Ellen Tebbits
- First edition
- Author: Beverly Cleary
- Illustrator: Louis Darling
- Language: English
- Genre: Children's Realistic Fiction
- Publisher: William Morrow and Co.
- Publication date: 1951
- Publication place: United States
- Pages: 160

= Ellen Tebbits =

Novel by Beverly Cleary

Ellen Tebbits is a 1951 children's novel written by Beverly Cleary. It is Cleary's second published book, following Henry Huggins. This humorous realistic fiction story tells the adventures of young Ellen and the new girl in her school, Austine Allen.

==Plot==

Third-grader Ellen Tebbits lives with her parents on Tillamook Street in Portland, Oregon. The book opens when Ellen heads to her dance class at the studio run by the mother of a classmate, Otis Spofford, who is always teasing her. When she arrives, she heads to change in a broom closet so the other girls cannot see her terrible secret: Ellen is wearing woolen underwear. After class, she accidentally walks in on a new girl in class, Austine Allen, who also wears woolen underwear. Soon, the two become best friends. Other chapters in the book deal with Ellen's first-ever time going horseback riding, her efforts to bring a giant beet to school for show-and-tell, and Ellen and Austine's efforts to put up with the obnoxious Otis' antics.

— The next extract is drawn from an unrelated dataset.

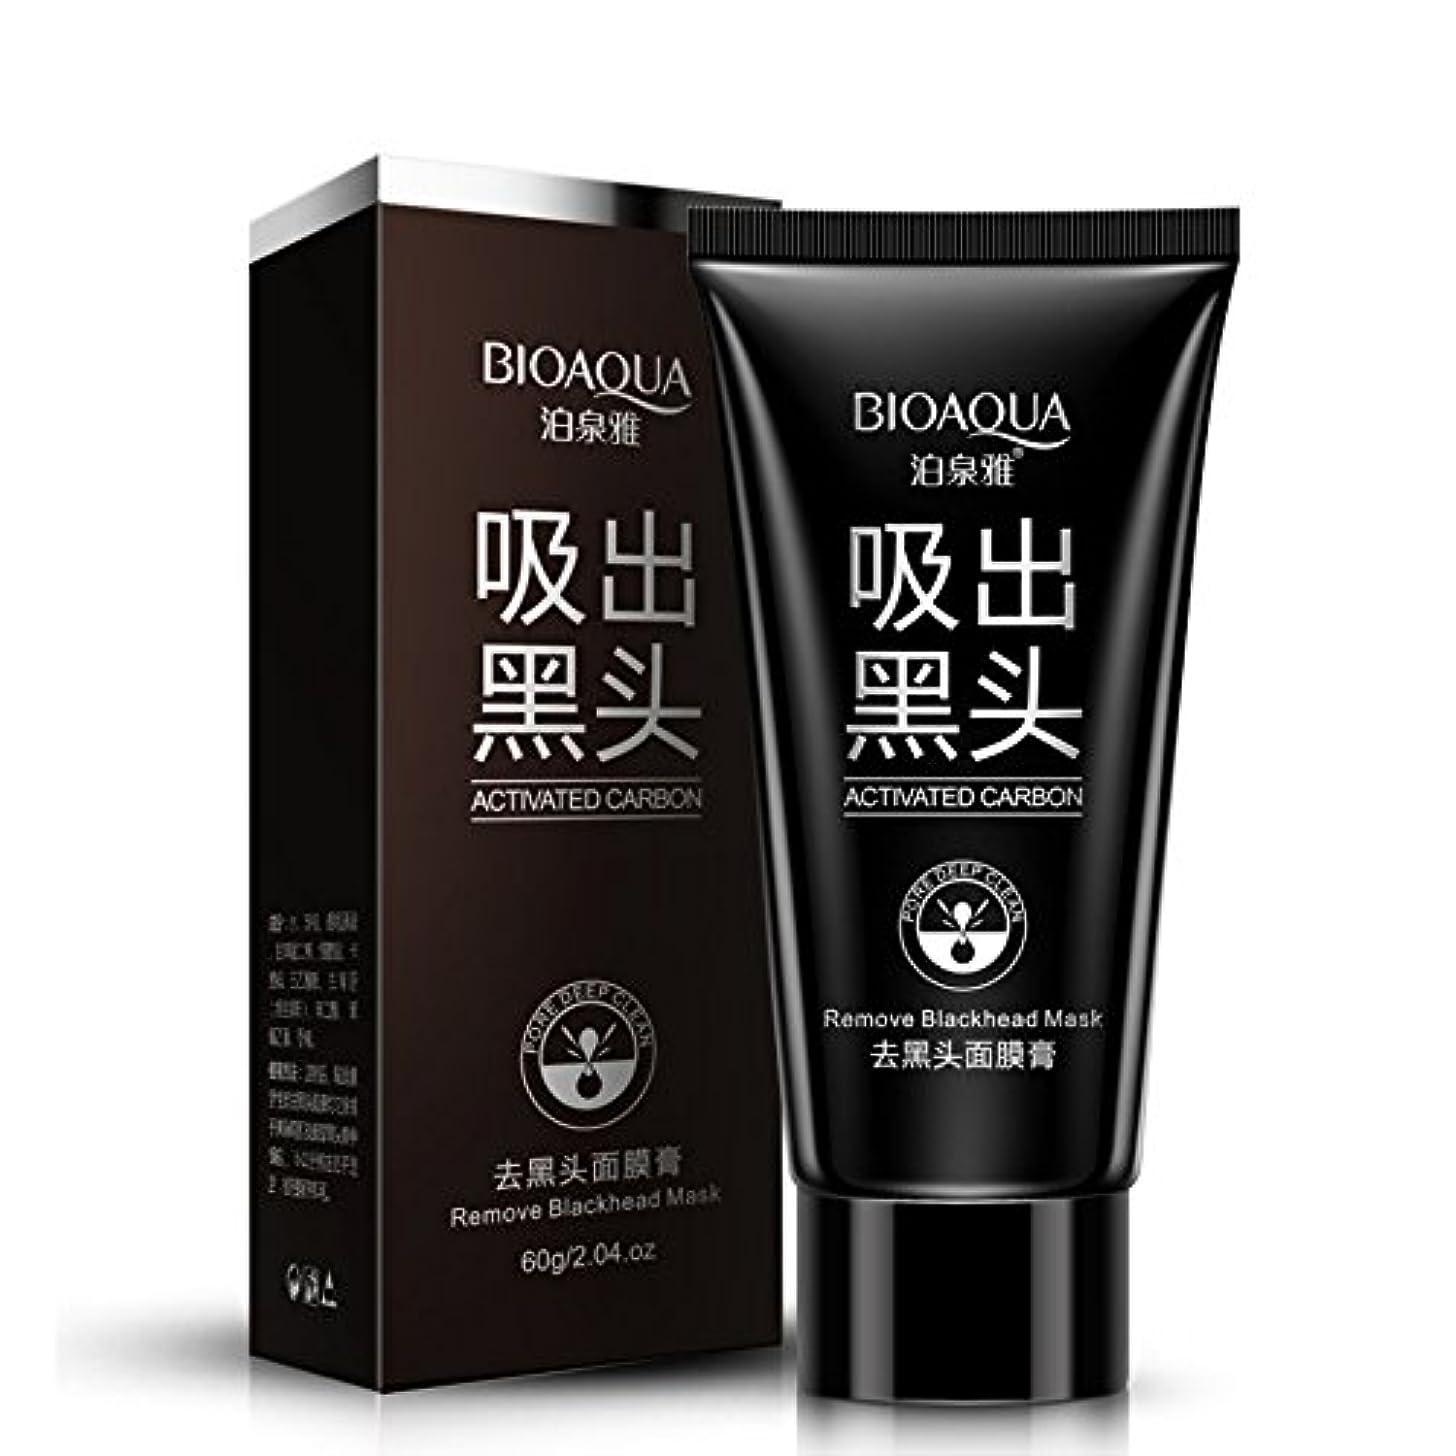 バースト以上野心的Suction Black Mask Shrink Black Head Spots Pores,Face Mask Blackhead Removal Blackheads Cosmetics Facials Moisturizing...

During summer vacation, Ellen and Austine decide to dress as twins on their first day back to school. The plan is for their mothers to make identical dresses for them. Austine's mother, however, cannot sew, so her dress does not turn out well. As the day goes on Austine begins to amuse herself by tugging on the sash of Ellen's dress. Ellen gets irritated and finally slaps Austine in the lunch line when her sash comes undone. Unfortunately, Austine was innocent; Otis had pulled on her dress. Austine begins spending time with other girls and ignores Ellen, who thinks everyone looks down on her for slapping her best friend.

In the final chapter, the teacher chooses Ellen and Austine to go outside and clean the chalkboard erasers. Austine continues to ignore Ellen, who becomes so angered by this that she yanks on the sash on Austine's dress and rips it. Both girls end up in tears and, after learning that Otis was the culprit in the lunch line and that both of their mothers made them wear their dreaded woolen underwear that day, they mend their friendship.

==Critical reception==

Children's Literature expert Anita Silvey calls Cleary's early books "pure, nostalgic Americana". Twentieth-Century Children's Writers says that Cleary has developed a "community of individual children with unique attributes and interests". In a starred review for "books of remarkable merit", Kirkus Reviews said of Ellen Tebbits, "It seems obvious from this entrancing successor to Henry Huggins that the author is as well acquainted with the whisperings, weeps and whoops of third grade distaff side..." Cleary's humor was noted by the Saturday Review, which said "Through all Ellen's joys and sorrows there runs a thread of humor that makes the reader chuckle even when he is sympathizing with her."